Ce que nous faisons depuis ces dix dernières années est devenu beaucoup plus complexe. Je travaille avec plus de gens, des compositeurs, des artistes etc. J’ai récemment monté un show qui s’appelle Public Canvas et qui est présenté dans plusieurs villes. L’idée est d’utiliser Bandaloop et nos plateformes qui drainent de grosses audiences pour attirer l’attention sur certaines voies importantes des communautés où nous allons. Par exemple à San Francisco nous avons beaucoup parlé de la gentrification, des problèmes raciaux et de l’équité. Et il y a des artistes qui viennent. On a eu récemment un artiste qui utilise le parler, j’ai travaillé avec lui pour qu’il puisse marcher en descendant un mur tout en récitant ses poèmes.

Peut-on dire que Bandaloop est un genre de hub où l’on retrouve de nombreux artistes…?

Bandaloop permet en effet de rassembler de nombreux artistes, différentes voies aussi. Nous utilisons Bandaloop comme un mégaphone pour porter des paroles importantes. Bandaloop, c’est aussi un combat de justice sociale.

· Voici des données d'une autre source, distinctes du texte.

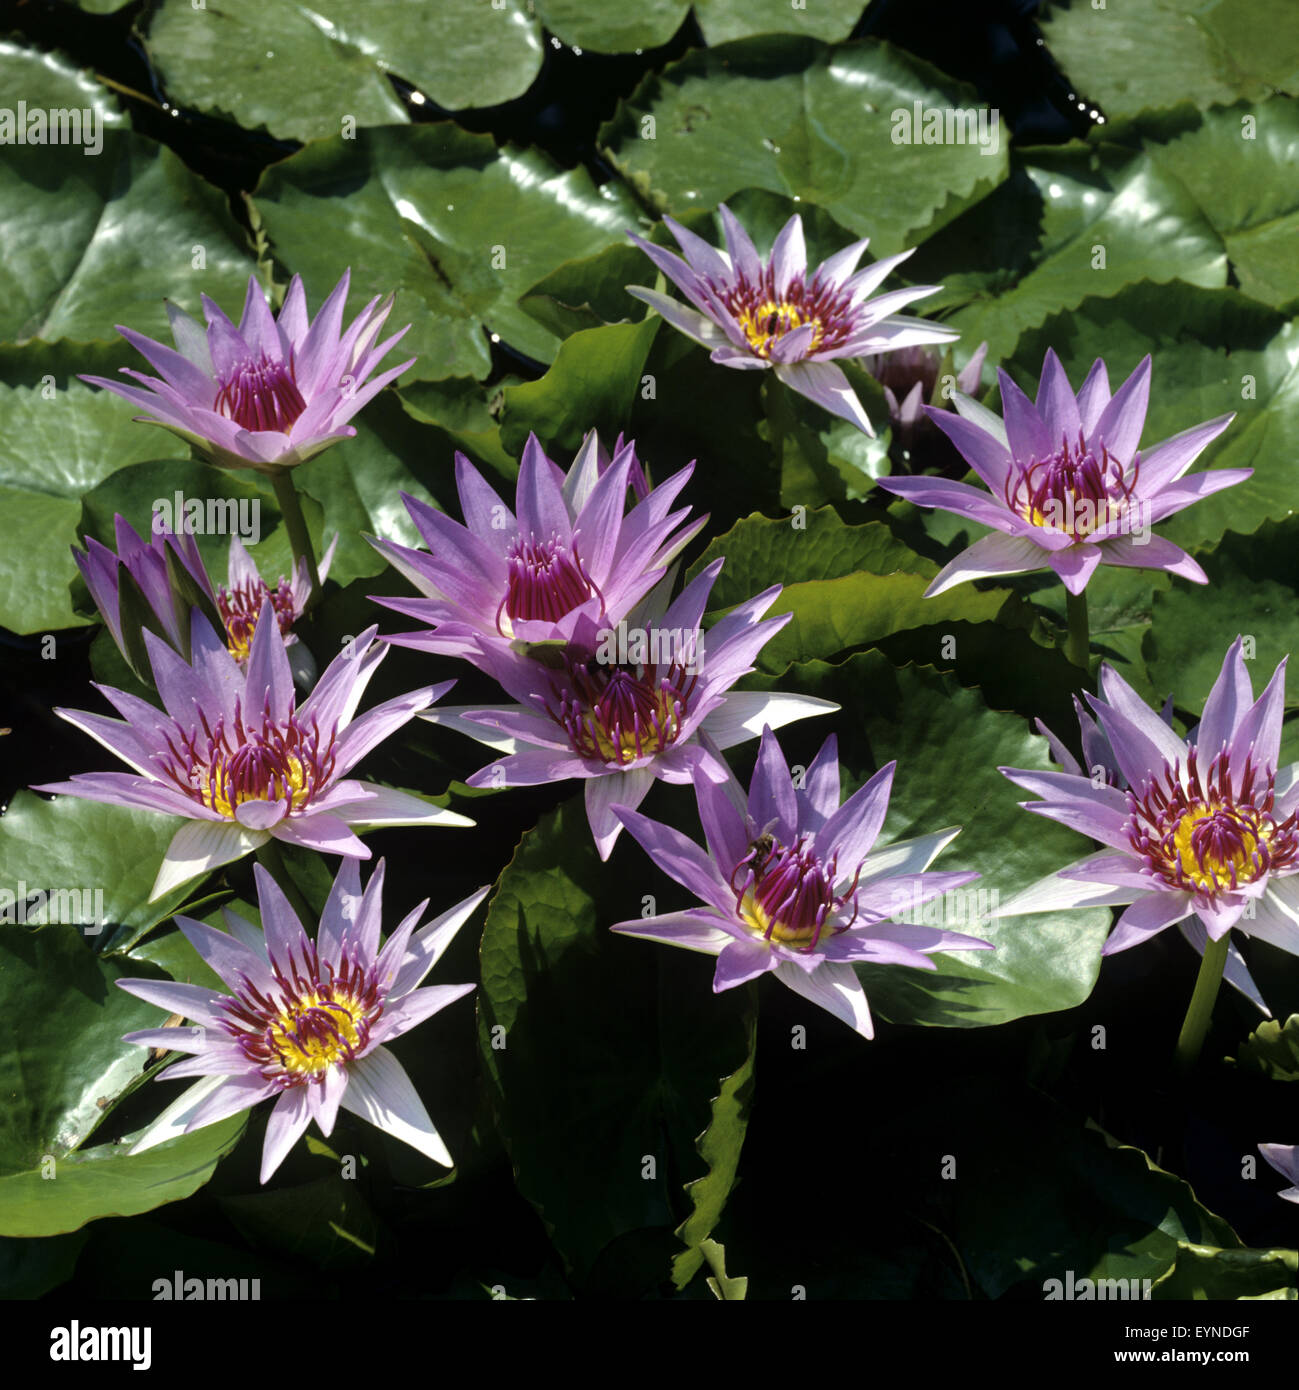 https://c8.alamy.com/comp/EYNDGF/blauer-aegyptischer-lotus-nymphaea-caerulea-wasserpflanzen-EYNDGF.jpg

On utilise l’art pour supporter le changement. 

Comment vous regarde-t-on en live ? Ça doit faire mal au cou…

On encourage les gens à venir avec des matelas de plage ou quelque chose du genre, une chaise ou quelque chose pour pouvoir s’allonger au sol. Aujourd’hui tout le monde marche la tête baissée sur son téléphone, j’aime bien dire que les shows de Bandaloop sont thérapeutiques. Ils vous font lever la tête.

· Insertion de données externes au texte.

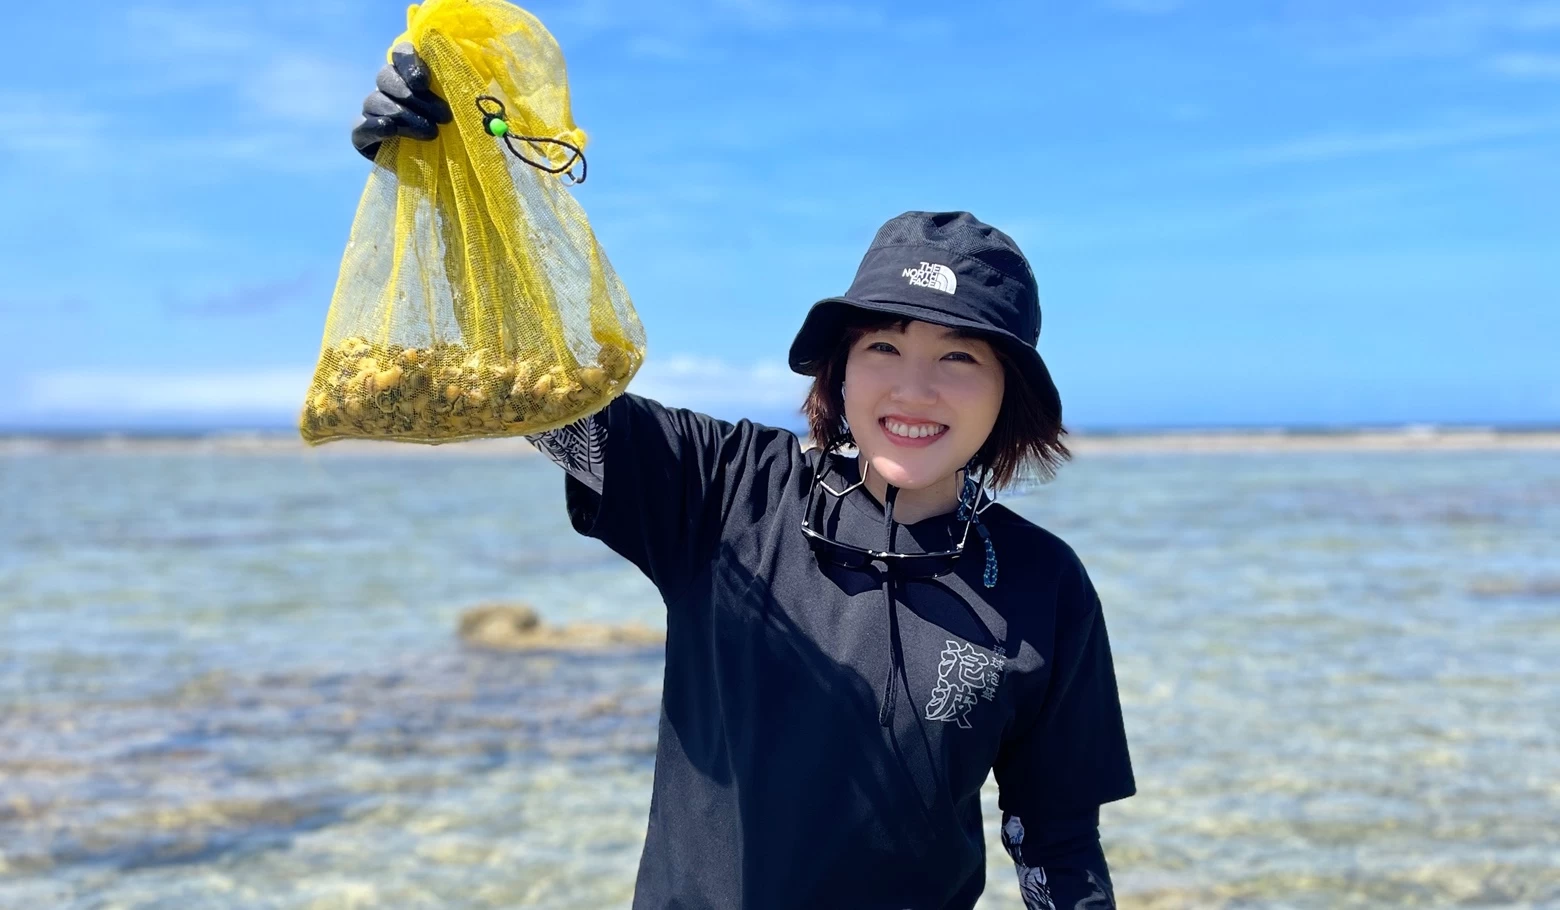 日本最南端の波照間島でマーリャン獲り。貝と味わう極上ビール体験

Quelle a été votre show le plus mémorable ?

C’était il y a peut-être 15 ans, on avait prévu un show à Johannesburg en Afrique du Sud dans le cadre d’une conférence sur le changement climatique. Parce que Bandaloop a été créé avec l’idée de célébrer le pouvoir et la vulnérabilité de la nature, et on nous avait viré de l’endroit. On avait décroché nos cordes, on s’était fait virer. Nous étions donc allés à Soweto, à 15 km de là, pour aller danser sur un château d’eau. On étaient entourés d’enfants pendant une semaine, qui étaient tous très curieux. On a fait notre show en projetant des images de chaos climatique, et du futur du climat, en montrant les possibilités de l’énergie solaire et non carbonée, c’était l’objectif du show. L’eau est un gros problème en Afrique, et le château d’eau n’en avait jamais contenu… Ce show avait tellement de sens.

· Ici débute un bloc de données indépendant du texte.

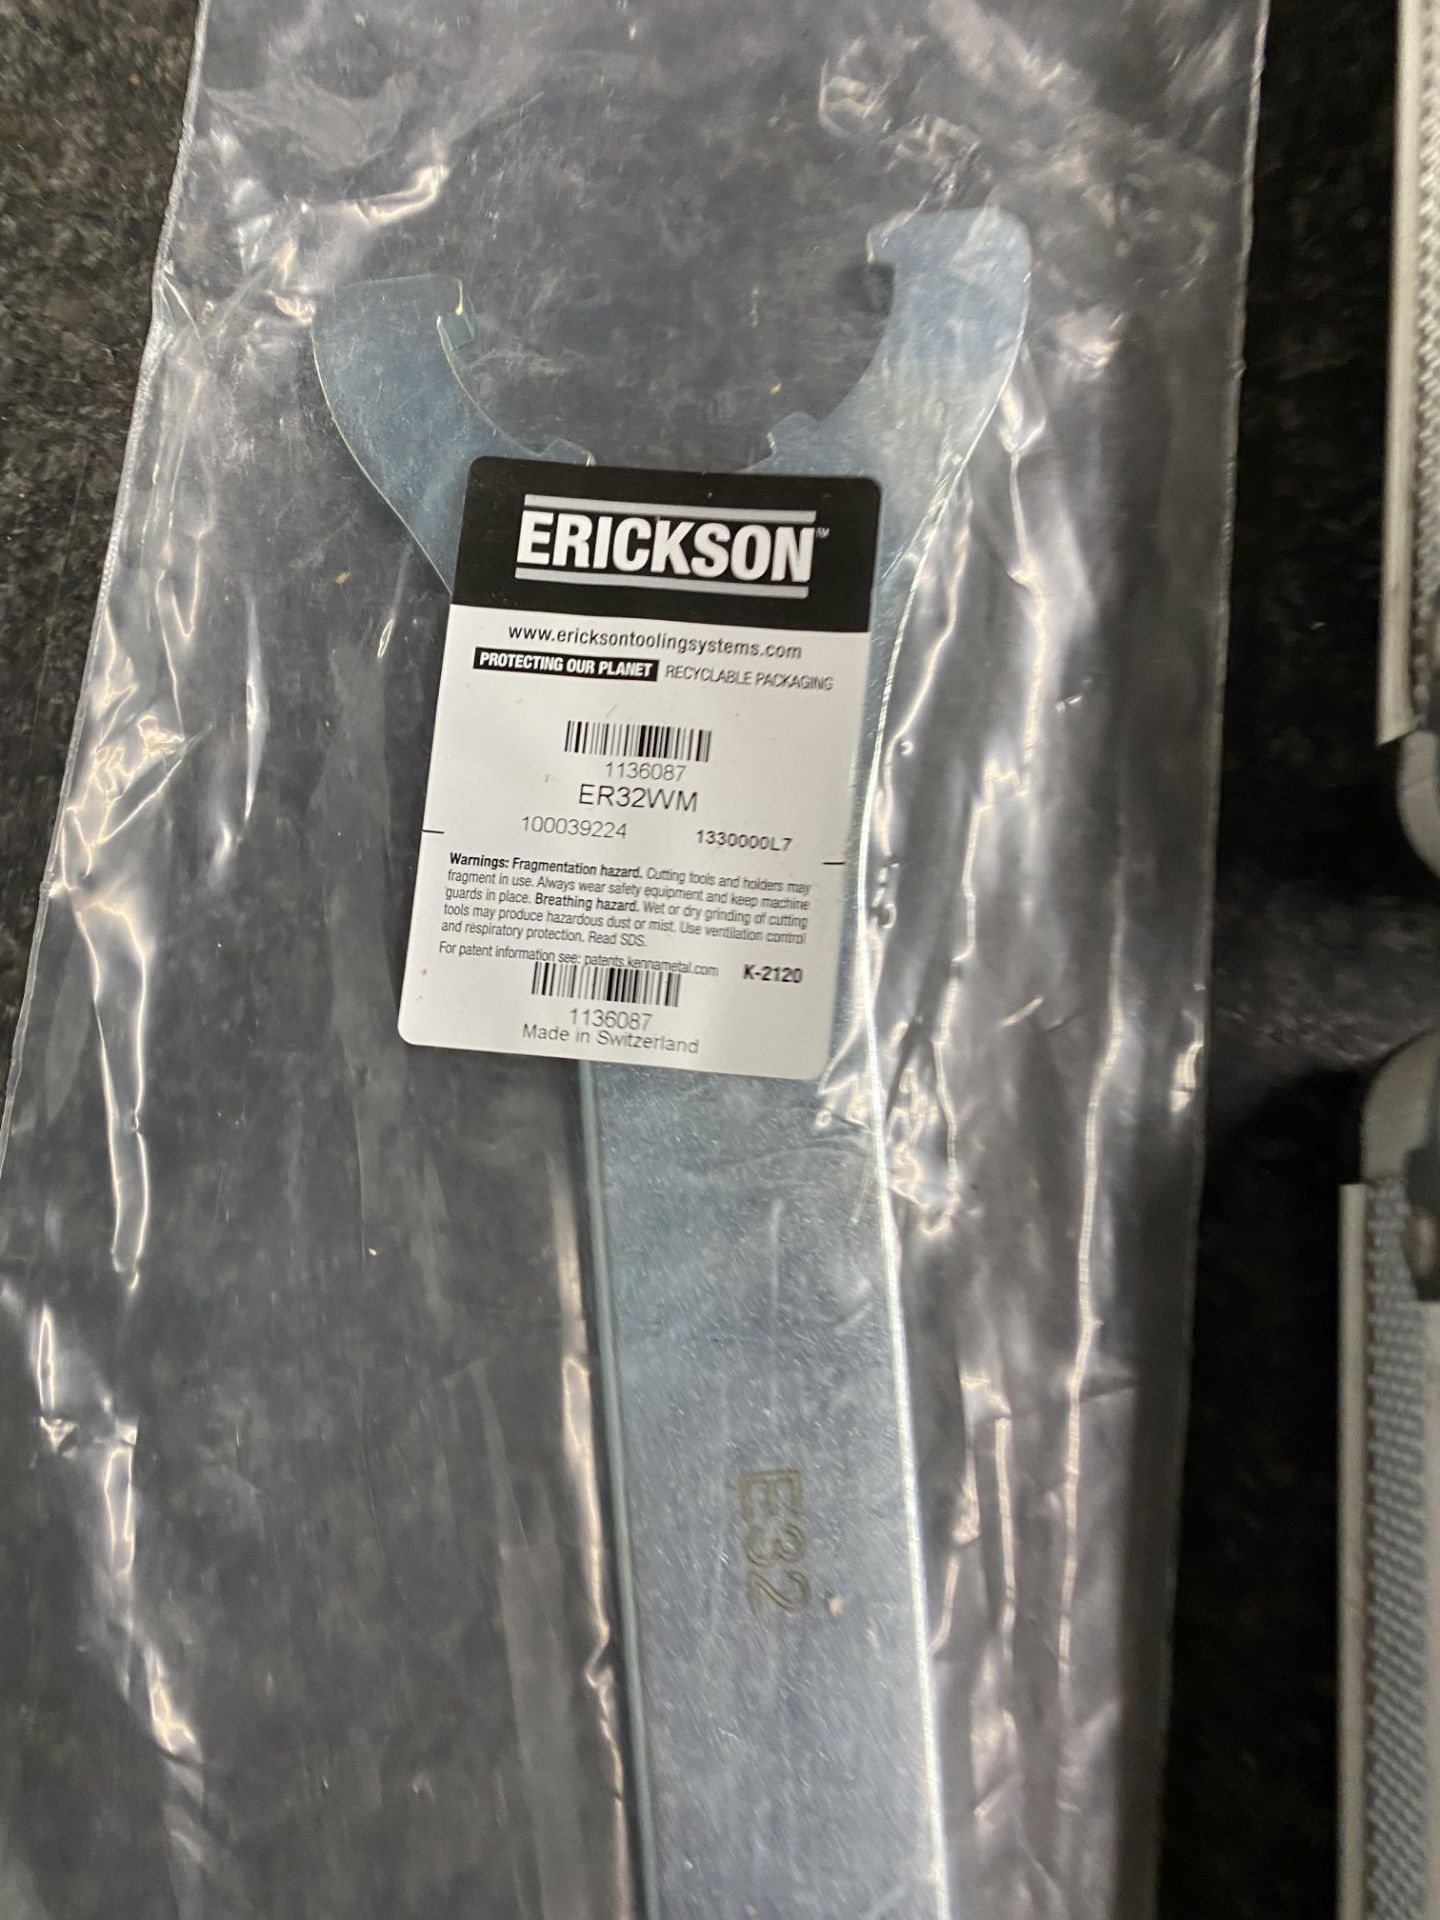 HR Plumbers Holesaw Kit 9 Pc Bi-Metal Kit with Erickson ER32WM Wrench - Bild 4 aus 9

Après en tant que performeur ce que je préfère c’est danser sur El Capitan, dans le parc de Yosemite. Et plus généralement dans les montagnes. Performer très haut sur des falaises est la chose que je préfère au monde. Être littéralement à plusieurs centaines de mètres, c’est un sentiment incroyable de liberté. On a l’impression d’être haut dans le ciel avec les aigles.

Prévoyez-vous de venir faire un show en France ?

On n’a jamais rien fait en France, c’est dingue. Je ne sais pas pourquoi. On a juste fait une performance en haut de la tour Eiffel… de Las Vegas (rires). J’aimerais beaucoup venir en France, il y a de très belles falaises près de Lyon, et j’espère vraiment pouvoir venir faire quelque chose à Paris. Je passe un appel ici, si quelqu’un est intéressé, nous le sommes.